Monday 16 July 2007

RUGBY: Only winner was New Zealand

Monday 16 July 2007

There should never be any honour in losing a test to New Zealand by 27 points, writes Keo in the Sunday edition of the Weekend Argus.

New Zealand have problems, but even with all their problems they won by 27 points in a test against the Springboks. So let’s not get too carried away with talk of bravery, courage and defensive heroics. The Boks still got a hiding in being beaten 33-6.

The scorline is flattering, but whether you get your points in the first 10 minutes or the last 10 minutes the game is played over 80 minutes. It would be too simplistic to suggest the Boks lack fitness and that is the reason they have not been competitive against the All Blacks in the final quarter. A more accurate assessment is that if you tackle more than you are tackled for the first 70 minutes and if you play with 14 men and not 15 for 10 of those minutes you are going to be the more fatigued side in the last 10 minutes.

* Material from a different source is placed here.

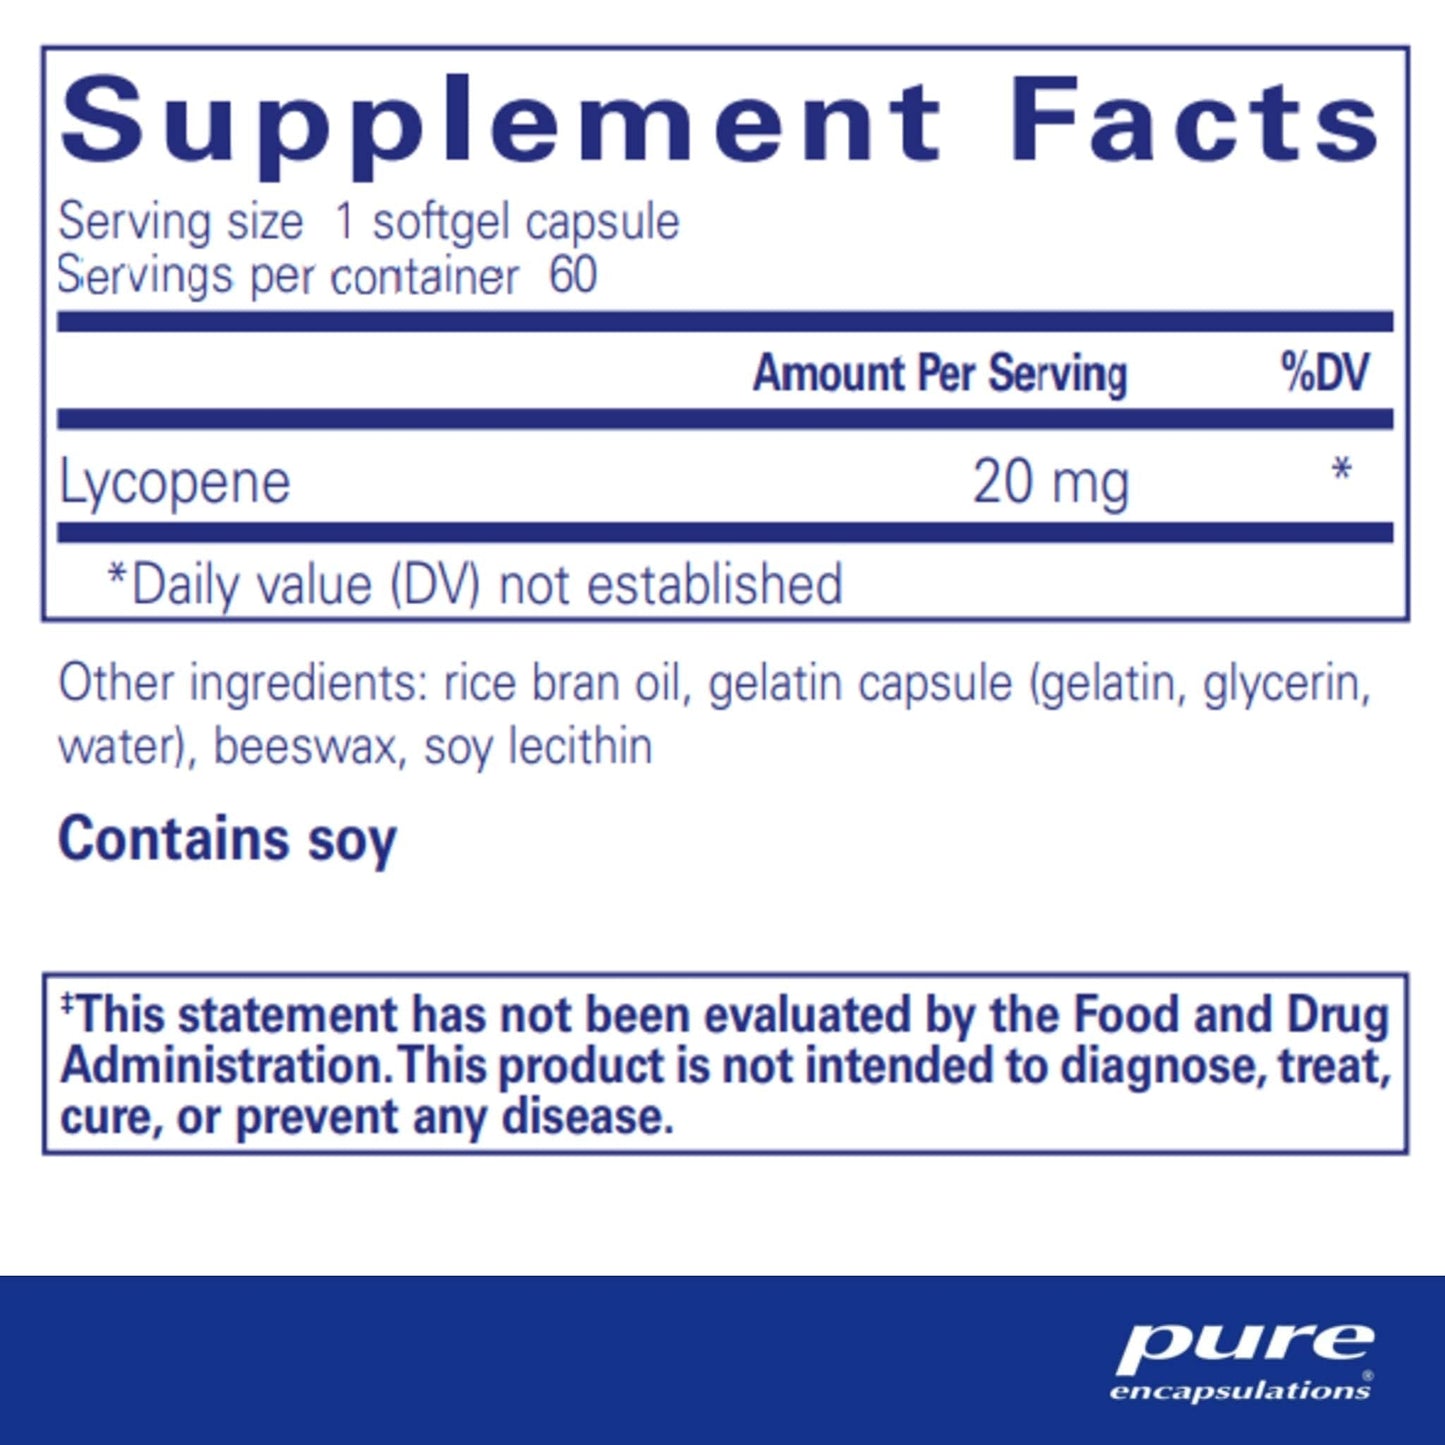 Lycopene 20 mg.

In Durban Pedrie Wannenburg’s sin-binning influenced the outcome and in Christchurch the same player’s departure for 10 minutes expedited the inevitable conclusion, with New Zealand again beneficiaries of a superior class of player warming the bench.

Brendon Leonard, replacing Piri Weepu at scrumhalf in the 50th minute, provided the urgency in New Zealand’s attack. For South Africa there was no such luxury, although the Boks would have at least given themselves an attacking opportunity if they had started with Peter Grant at flyhalf.

Instead Derick Hougaard got one more match to play himself out of the World Cup 30 and he surely must have succeeded. The first time he tried to attack from 30 metres out he got turned over and the Boks found themselves 30 metres out from their own tryline.

The Boks showed willingness to run the ball, but they did not have the backs to execute this intention. Their good intentions were not packaged with conviction. The All Blacks had the players to score tries but not the game plan. Too often the ball was moved laterally and the skip and long passes gave the Boks a crucial additional second to get back and scramble on defence.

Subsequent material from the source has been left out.